With more and more advisers and institutional investors embracing smart beta strategies, the universe of fundamentally-weighted exchange traded funds (ETFs) is rapidly growing.
One potential pitfall of smart beta’s exponential growth is the dizzying variety of strategies coming to market, making it potentially cumbersome for advisers to stay abreast of all the newest concepts while also remaining focused on some alternatively-weighted methodologies that have already proven durable.
Revenue weighting is an example of an alternative to traditional market capitalization weighting that not only has a long-term track record, but is easy to comprehend and deploy within client portfolios. For example, the S&P 500 Revenue-Weighted Index was launched at the end of 20051, meaning it is battle-tested as it was around during the dark days of the global financial crisis.

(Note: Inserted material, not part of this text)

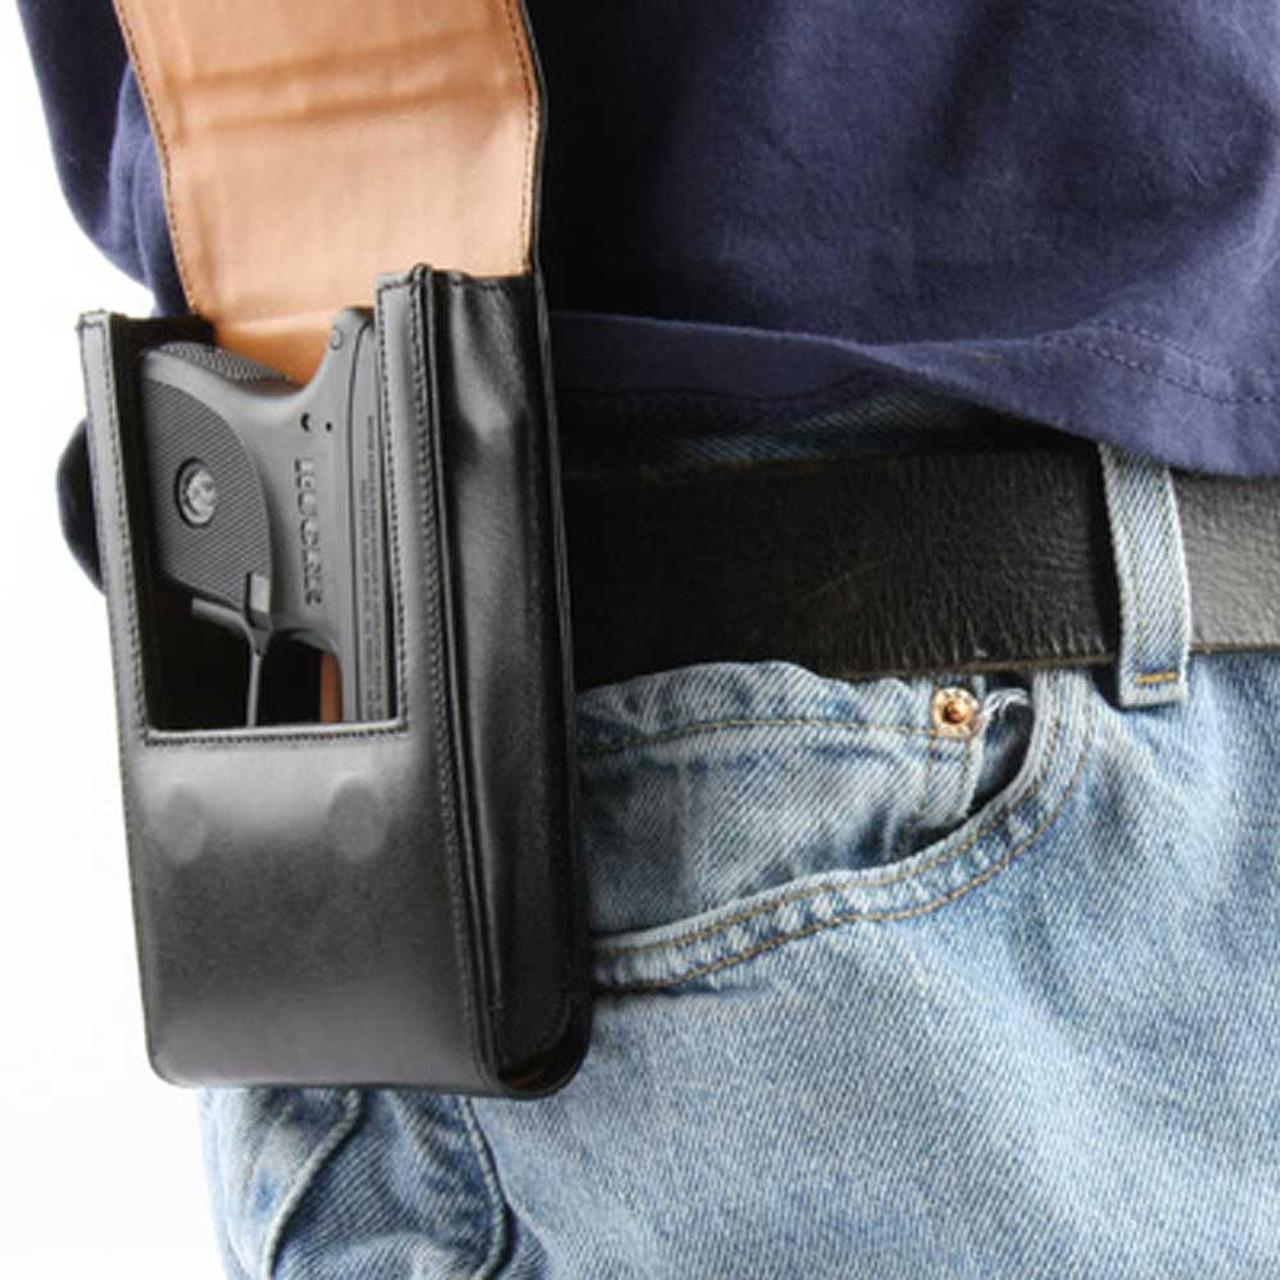 Ruger SR9c Sneaky Pete Holster (Belt Clip)

Again, revenue-weighted indexes and funds are straight forward. The S&P 500 Revenue-Weighted Index is comprised of the S&P 500 member firms weighted by top-line revenue, not market value, which is the weighting methodology for the standard S&P 500 and related funds. As the chart below confirms, revenue weighting has a solid long-term track record.
Advantages of Revenue Weighting
Using the S&P 500 Revenue-Weighted Index as our “bogey” here, there are some notable advantages with weighting stocks by top-line revenue. One example is reduced concentration risk. Currently, the top 10 holdings in the S&P 500 Revenue-Weighted Index combine for about 17.60% of the benchmark’s weight. In the cap-weighted S&P 500, that number jumps to 21.76% (as of July 23).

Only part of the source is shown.